##### Dataset content

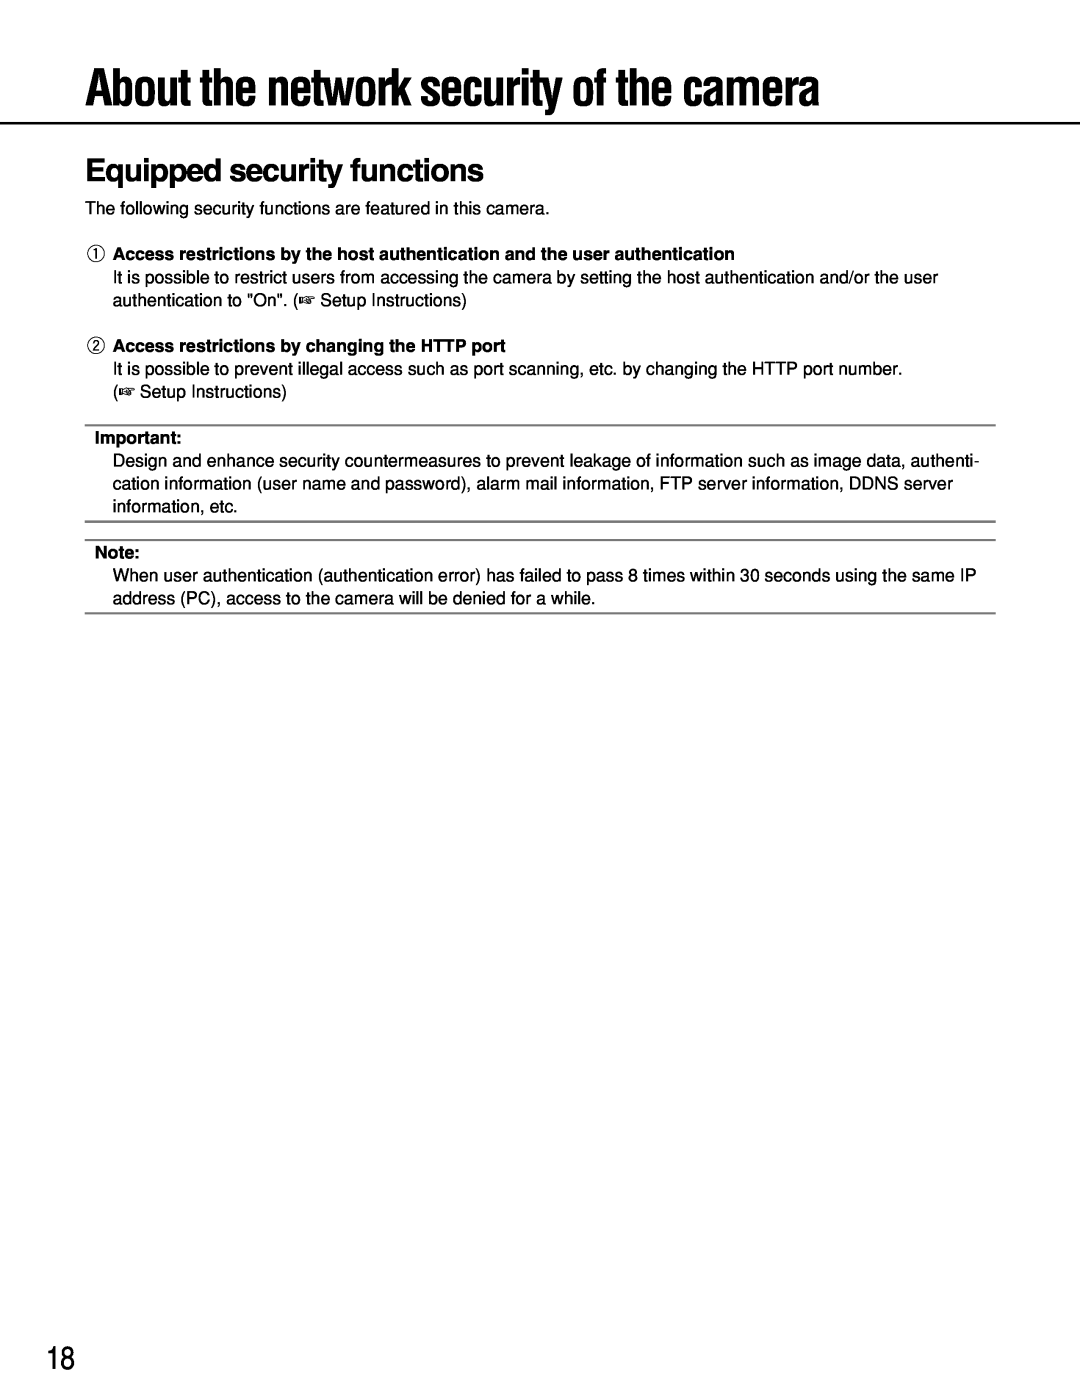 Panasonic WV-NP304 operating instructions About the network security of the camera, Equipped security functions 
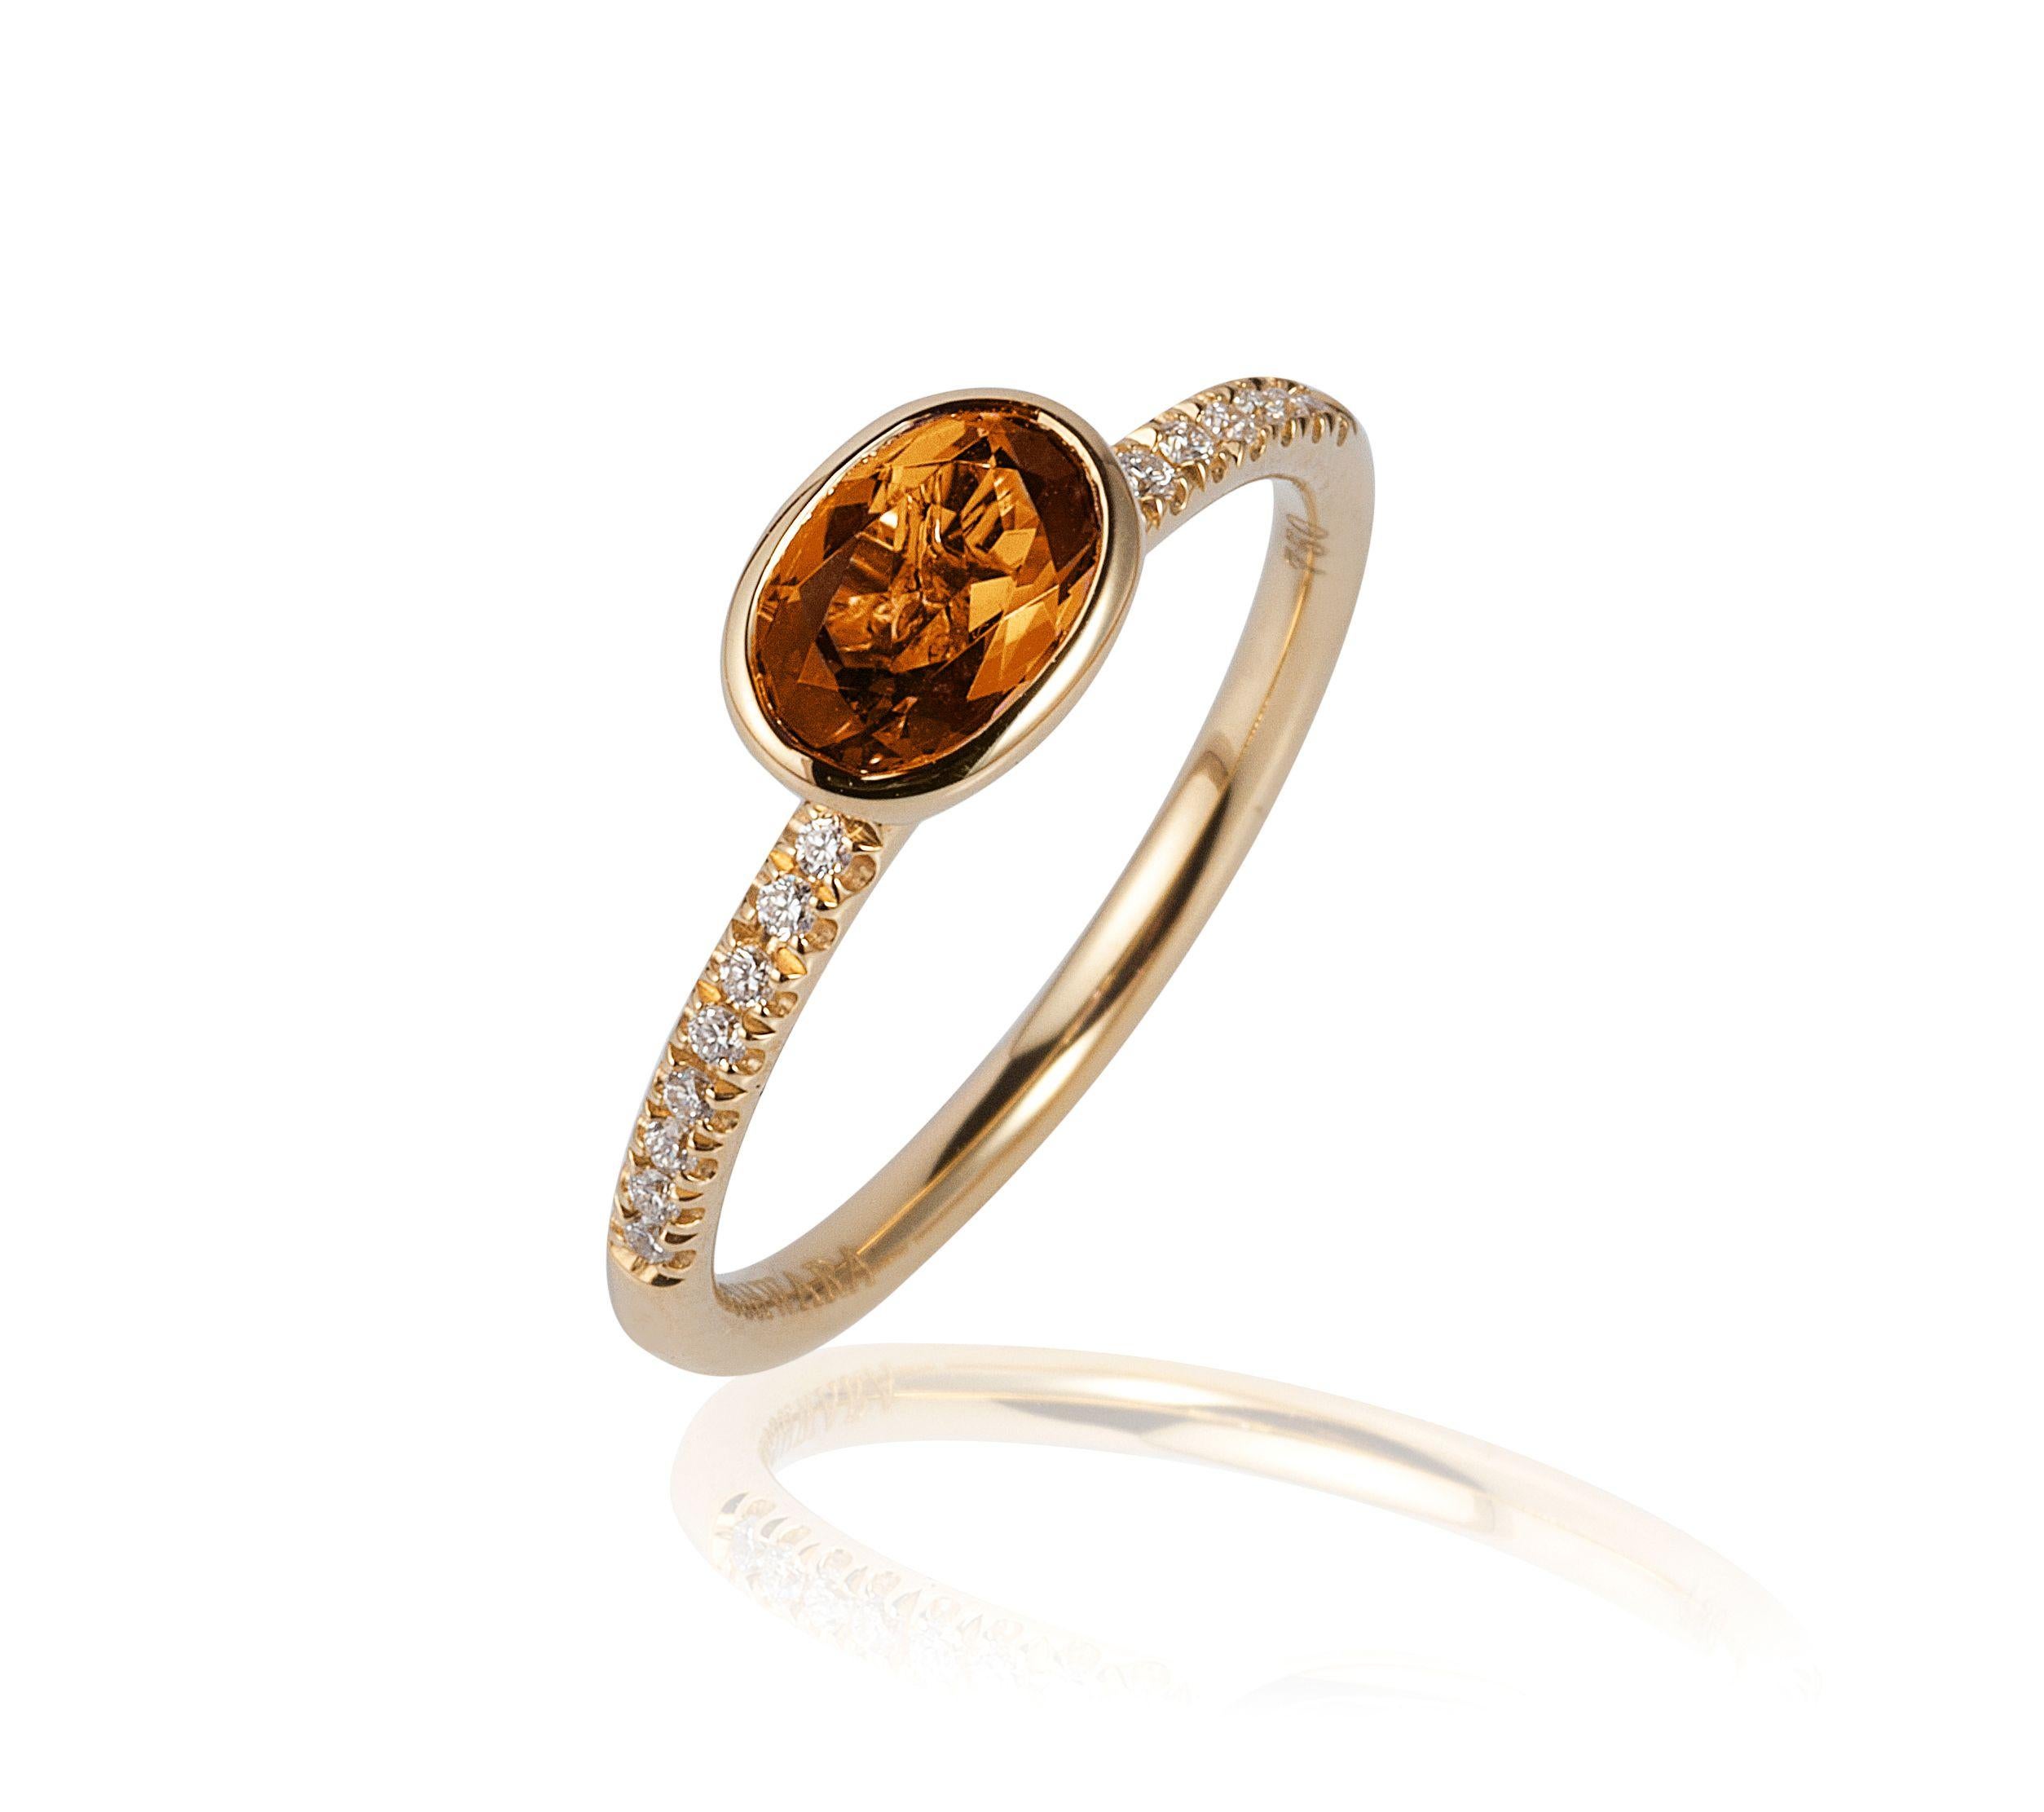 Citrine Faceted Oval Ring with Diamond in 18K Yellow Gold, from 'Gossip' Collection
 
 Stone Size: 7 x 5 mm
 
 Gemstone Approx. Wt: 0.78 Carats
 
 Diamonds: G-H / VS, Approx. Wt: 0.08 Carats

##########

Each record above needs to be retyped exactly, without any pictures.

§ Answer area
 Panasonic WV-NP304 operating instructions About the network security of the camera, Equipped security functions 
 Citrine Faceted Oval Ring with Diamond in 18K Yellow Gold, from 'Gossip' Collection
 
 Stone Size: 7 x 5 mm
 
 Gemstone Approx. Wt: 0.78 Carats
 
 Diamonds: G-H / VS, Approx. Wt: 0.08 Carats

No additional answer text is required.